[Task]
In the records below, repeat word for word only the lines starting at the one that contains "FoxTrot Classics" and ending at the one that contains "ArrayList-vs-LinkedList-info", pictures excluded.

[The input]
------

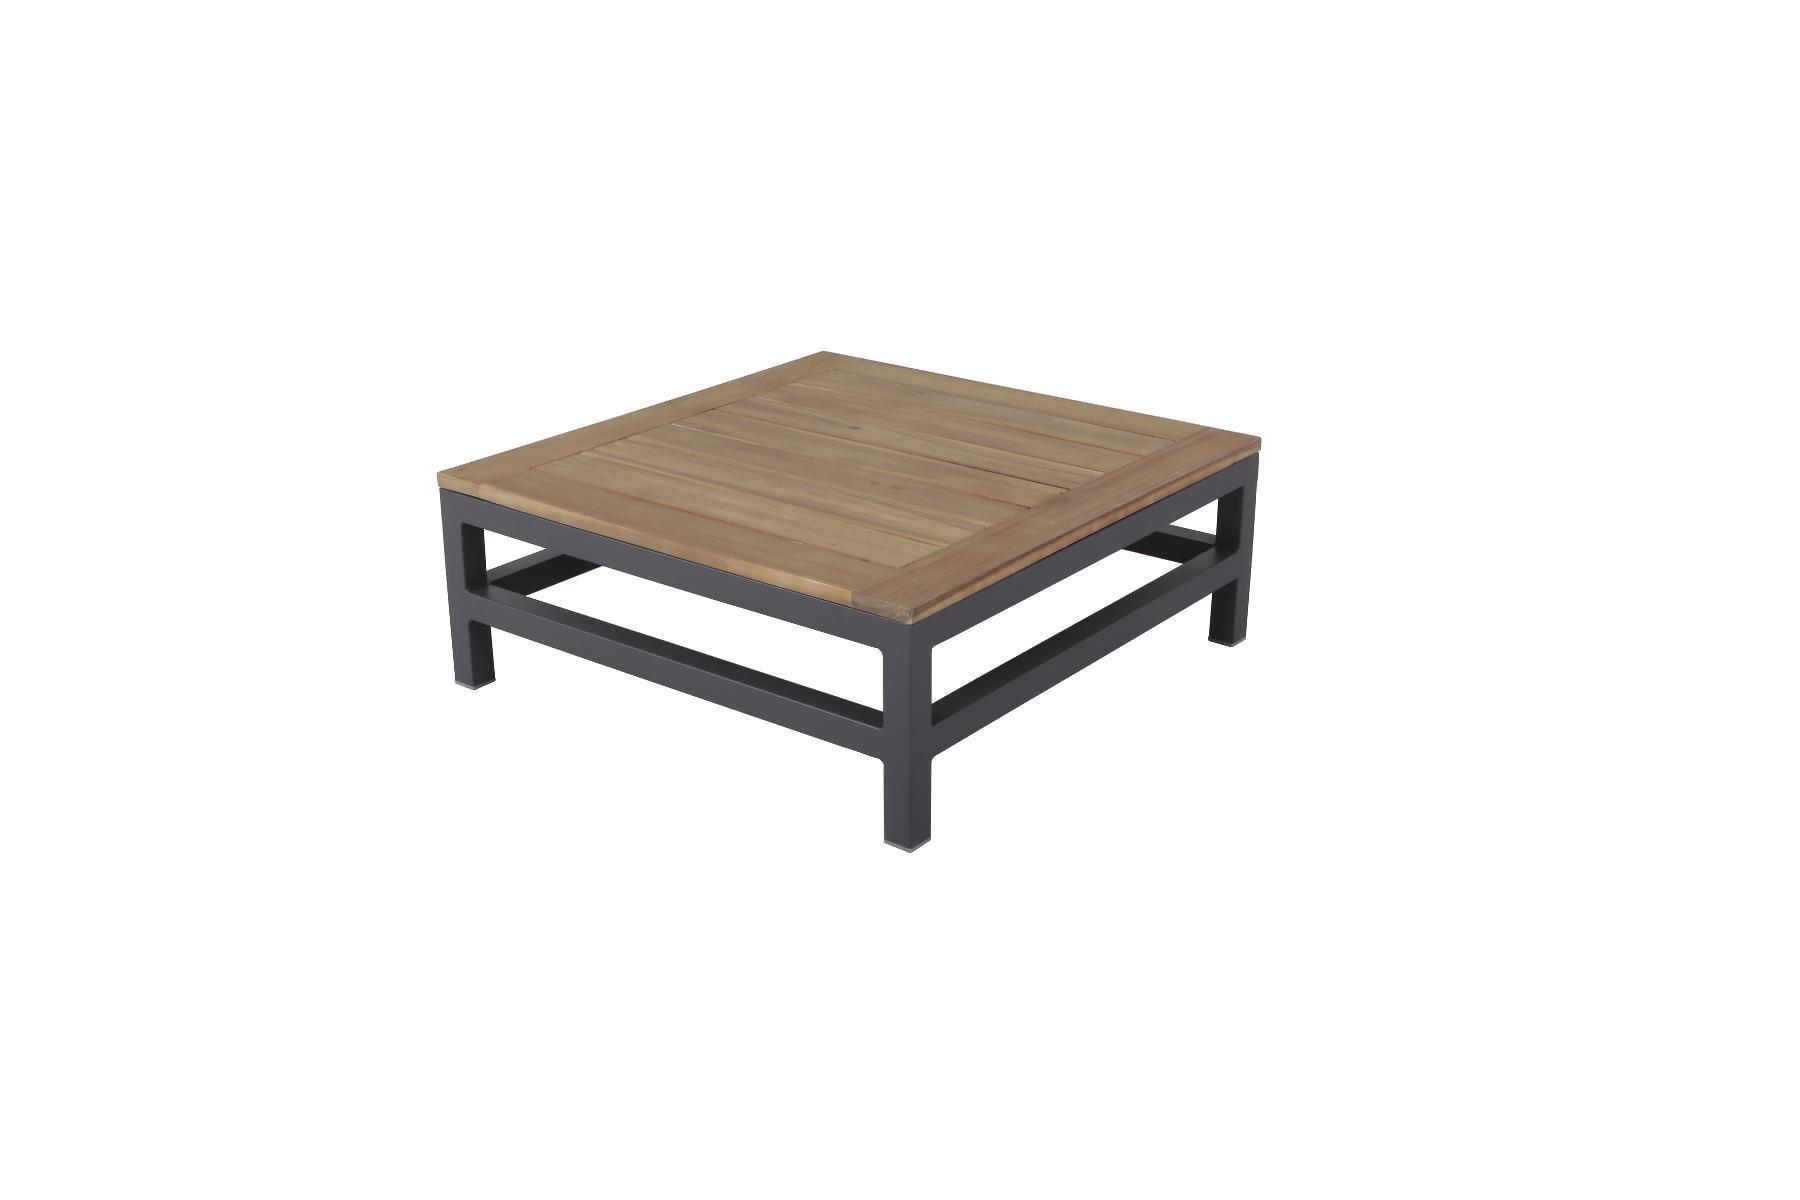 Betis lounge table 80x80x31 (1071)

------

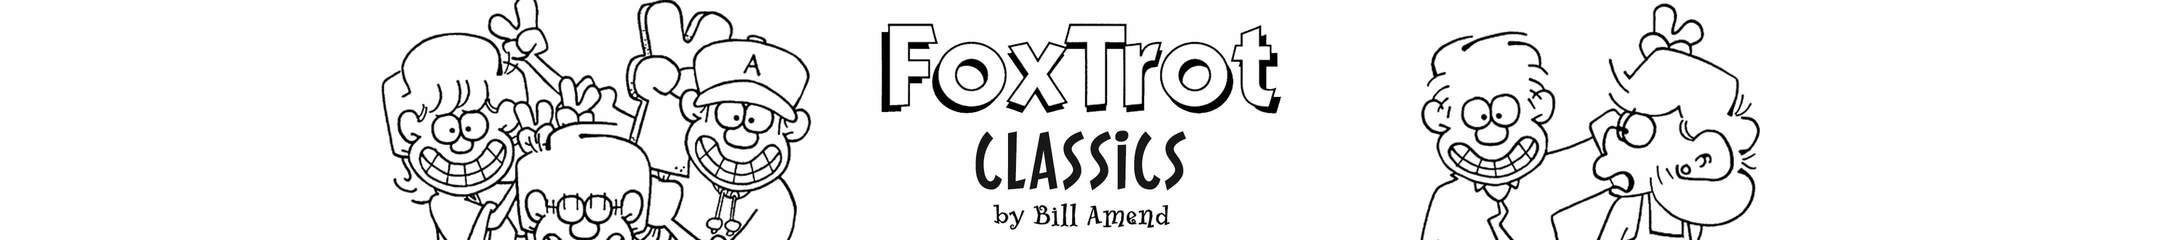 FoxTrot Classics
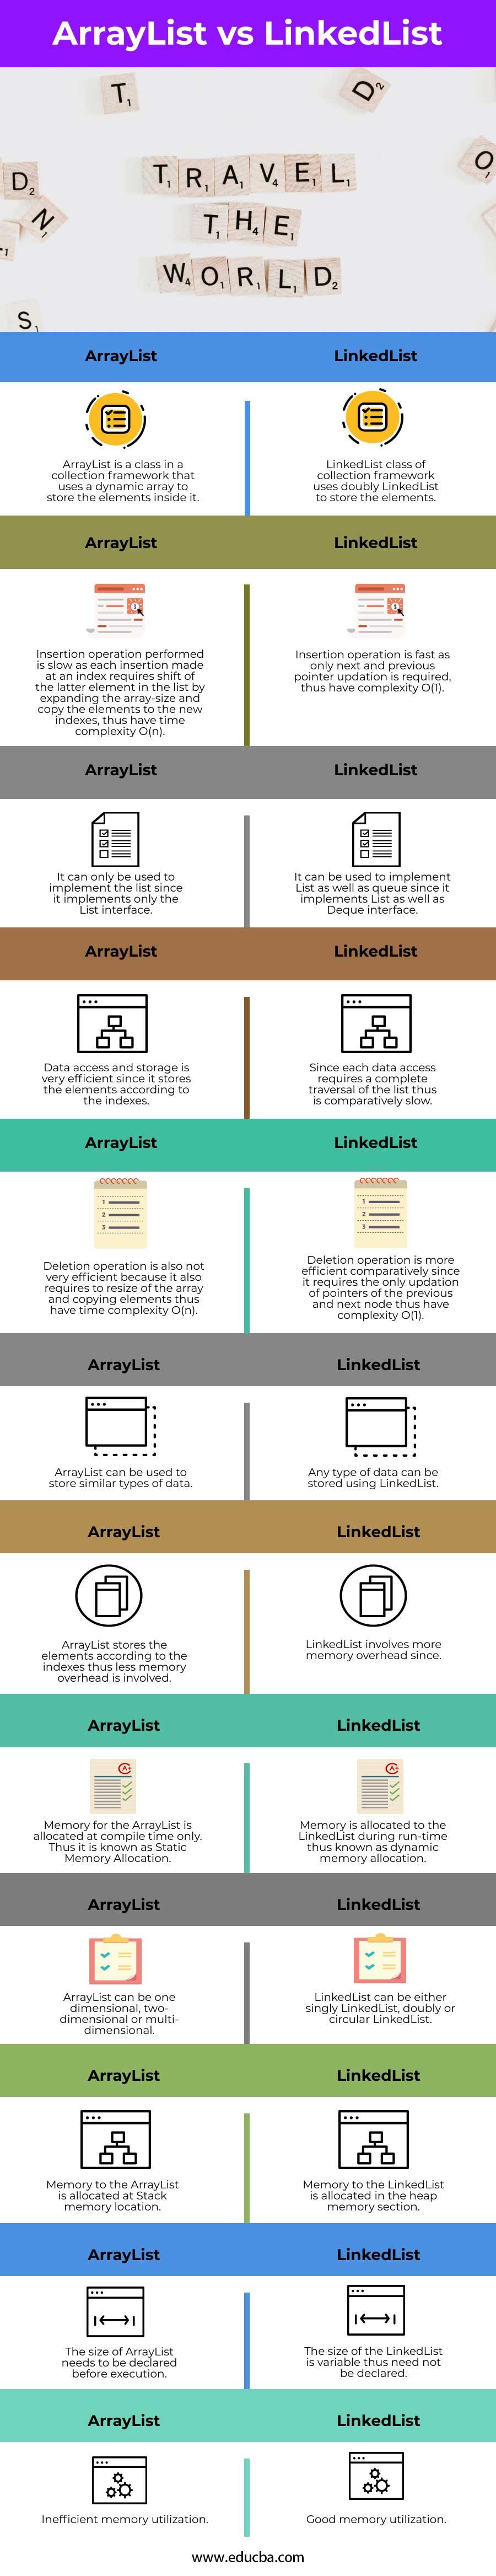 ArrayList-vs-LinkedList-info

------

[Solved exercise]
 FoxTrot Classics
 ArrayList-vs-LinkedList-info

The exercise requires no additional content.